BEGIN SUPPLIED ENTRIES

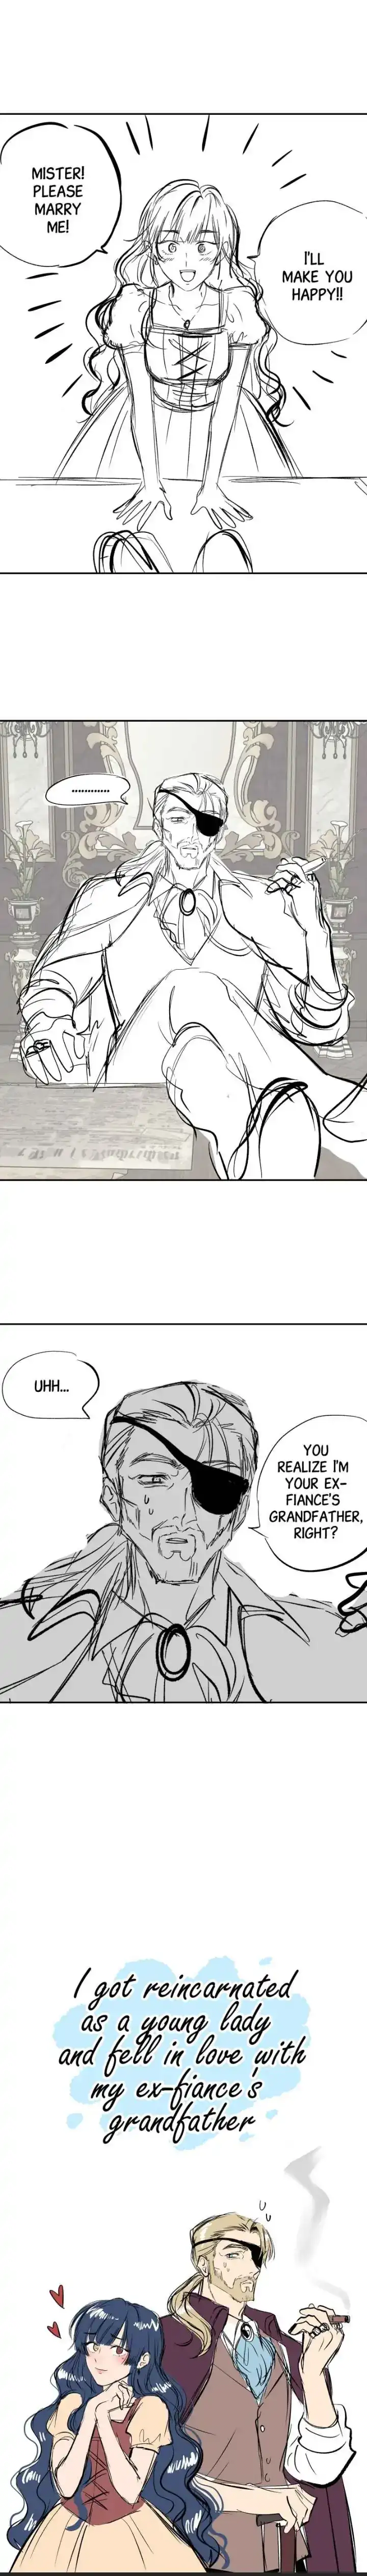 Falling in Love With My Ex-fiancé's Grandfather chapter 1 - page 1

END SUPPLIED ENTRIES
BEGIN SUPPLIED ENTRIES

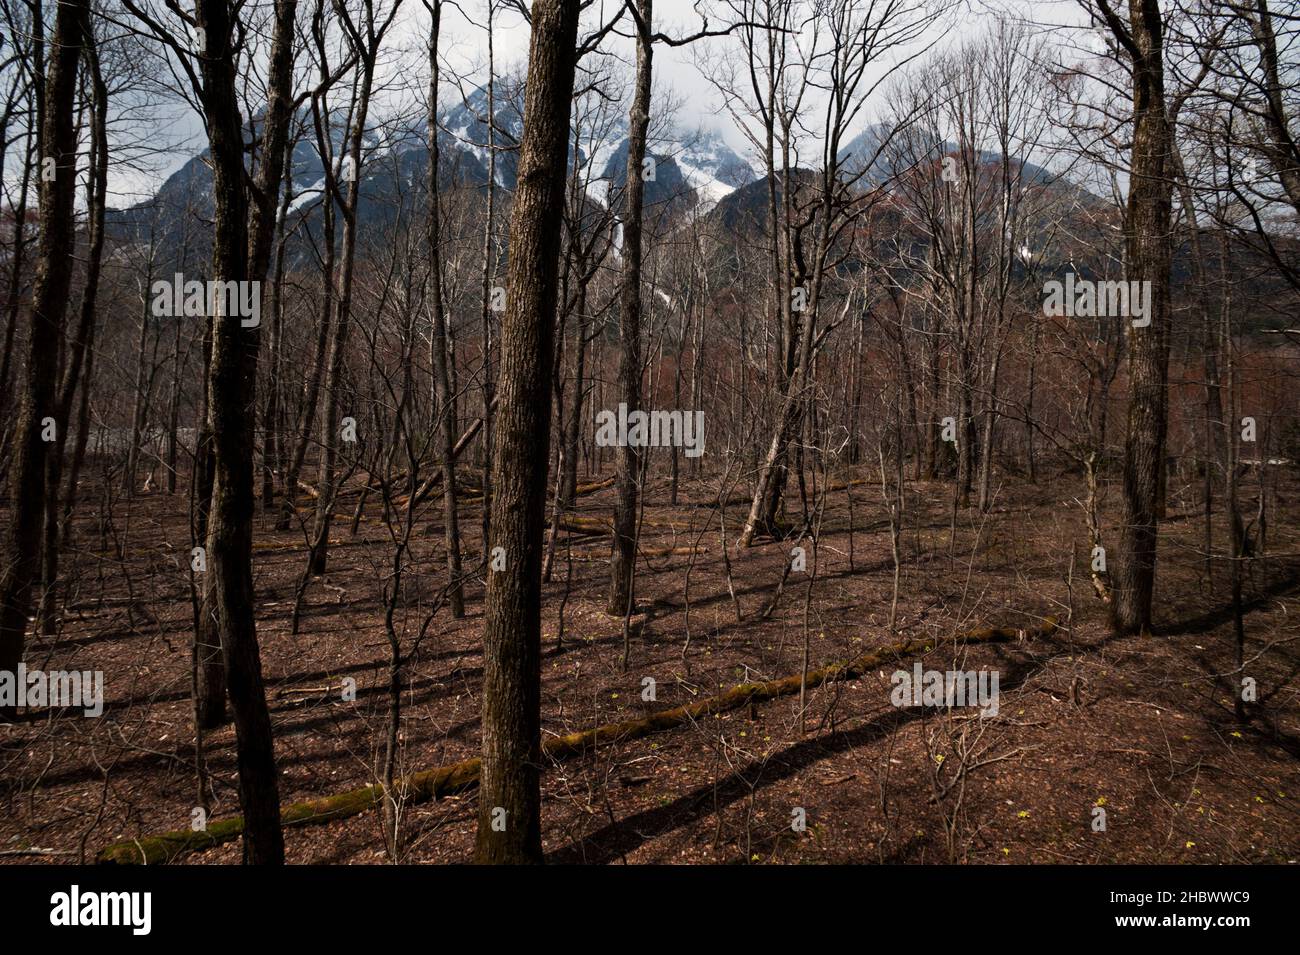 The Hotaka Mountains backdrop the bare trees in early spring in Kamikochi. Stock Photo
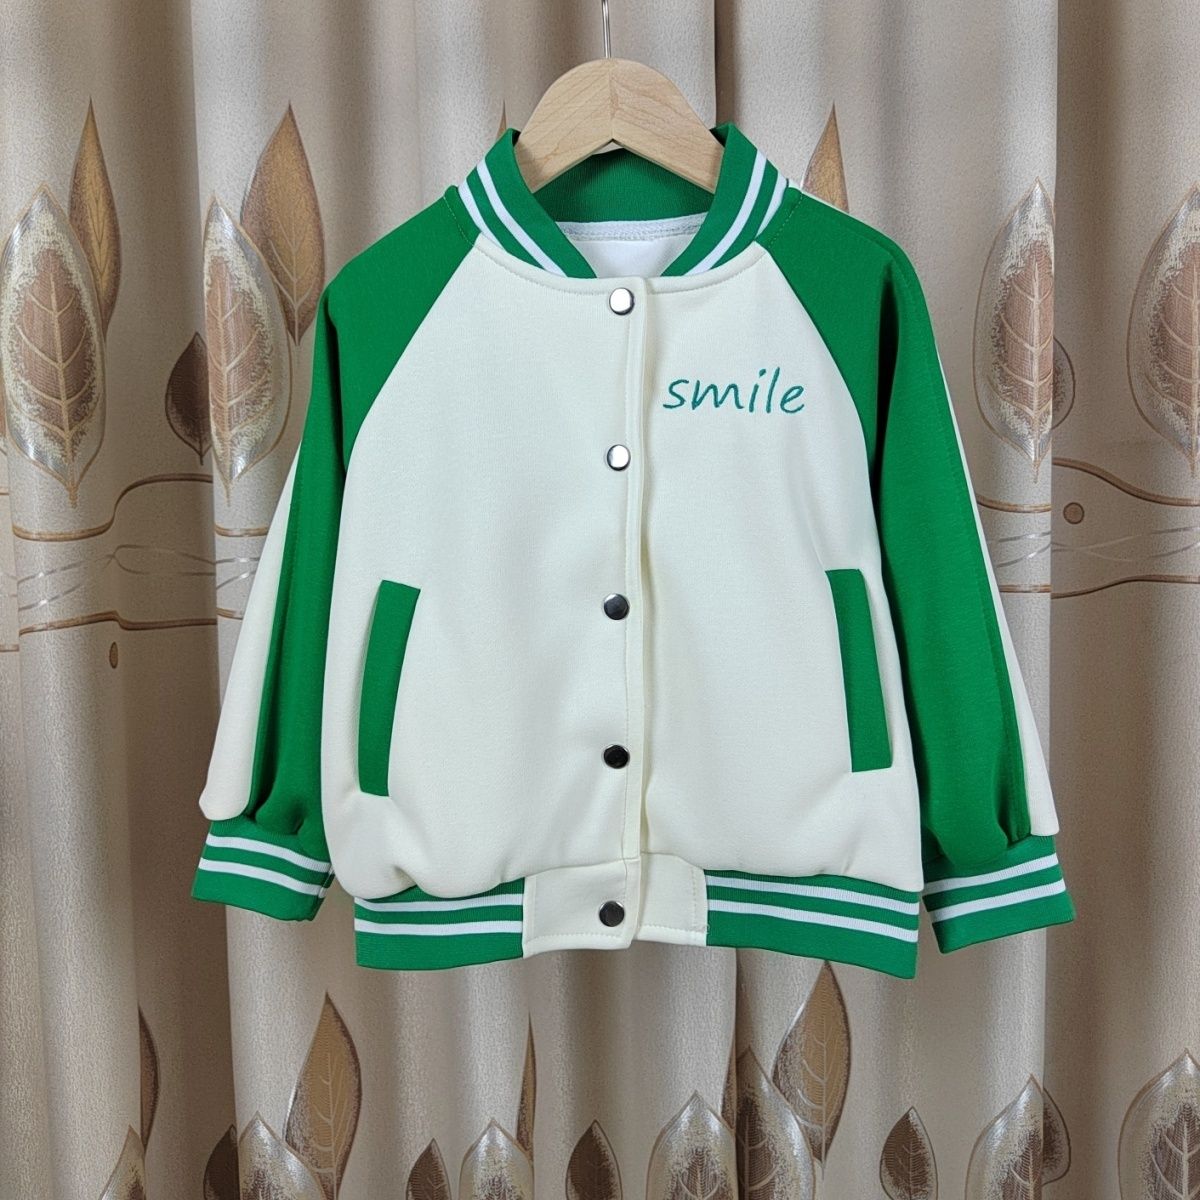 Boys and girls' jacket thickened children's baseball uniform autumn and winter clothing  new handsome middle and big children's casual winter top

END SUPPLIED ENTRIES
BEGIN SUPPLIED ENTRIES

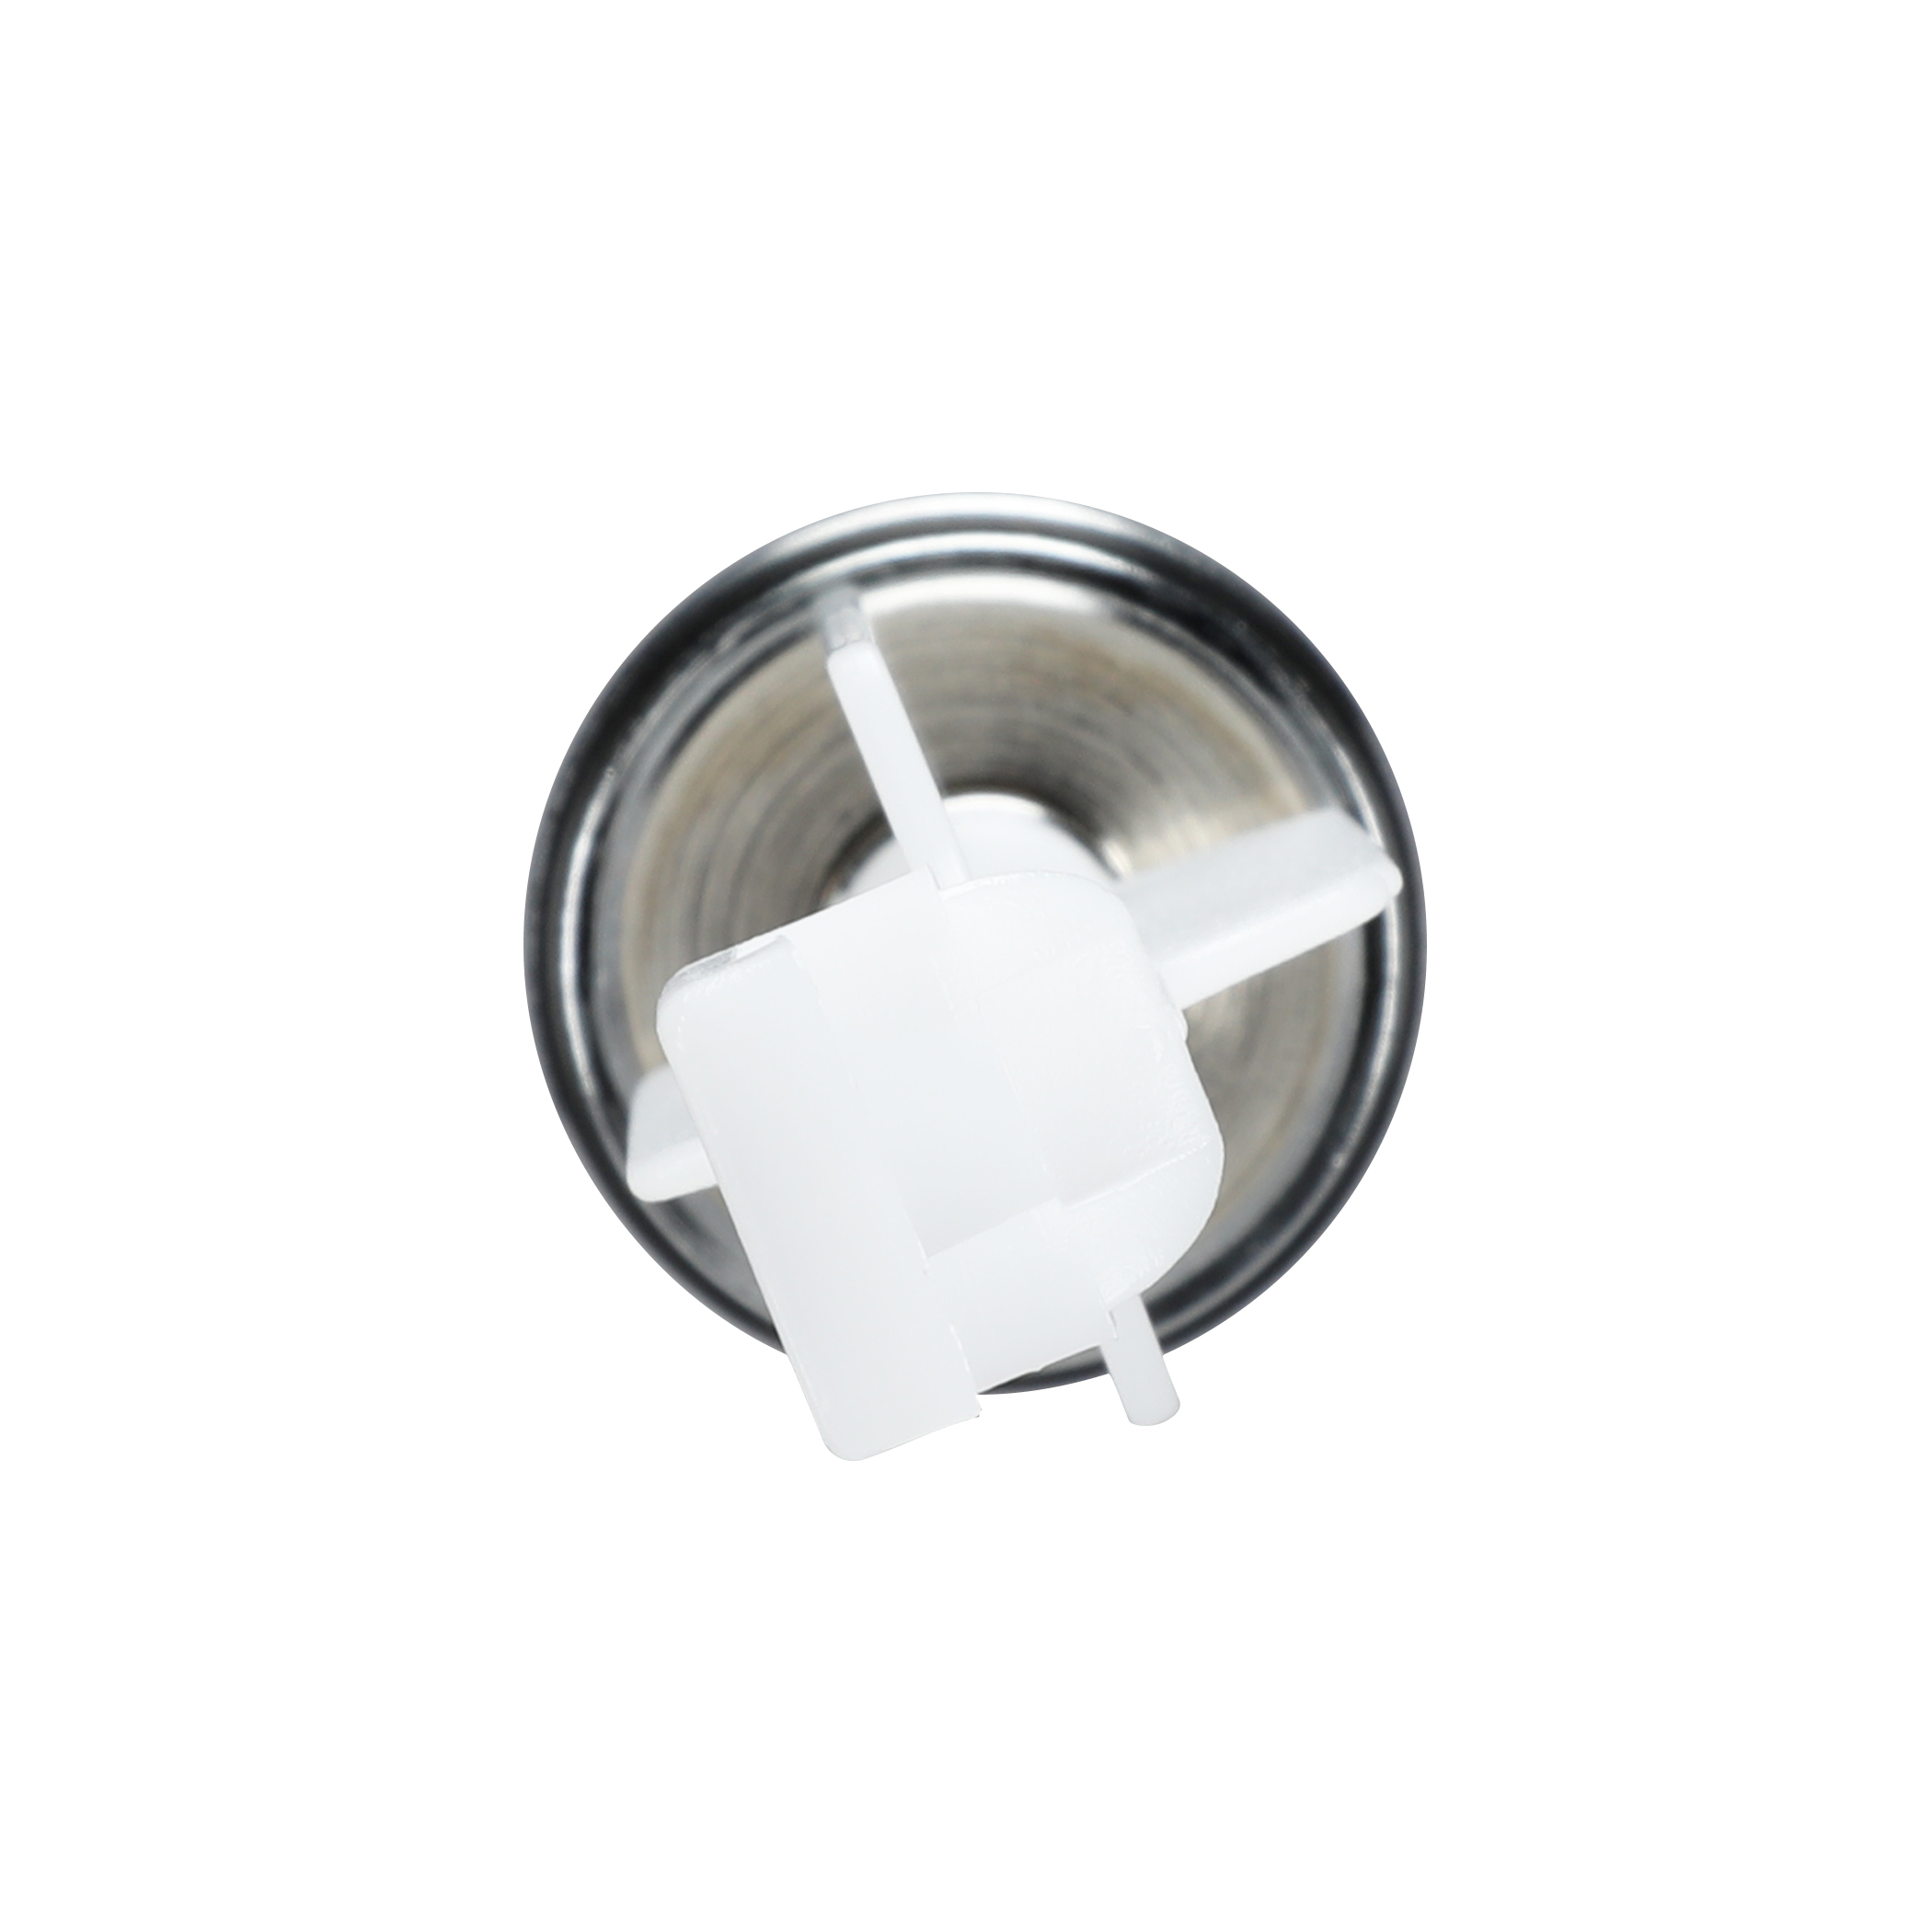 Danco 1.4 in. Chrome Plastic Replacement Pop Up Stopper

END SUPPLIED ENTRIES

WORK ITEM: For the data above, set down exactly the lines from the line with "The Hotaka Mountains" to the line with "Boys and girls'", both included, leaving pictures out.

REPLY:
 The Hotaka Mountains backdrop the bare trees in early spring in Kamikochi. Stock Photo
 Boys and girls' jacket thickened children's baseball uniform autumn and winter clothing  new handsome middle and big children's casual winter top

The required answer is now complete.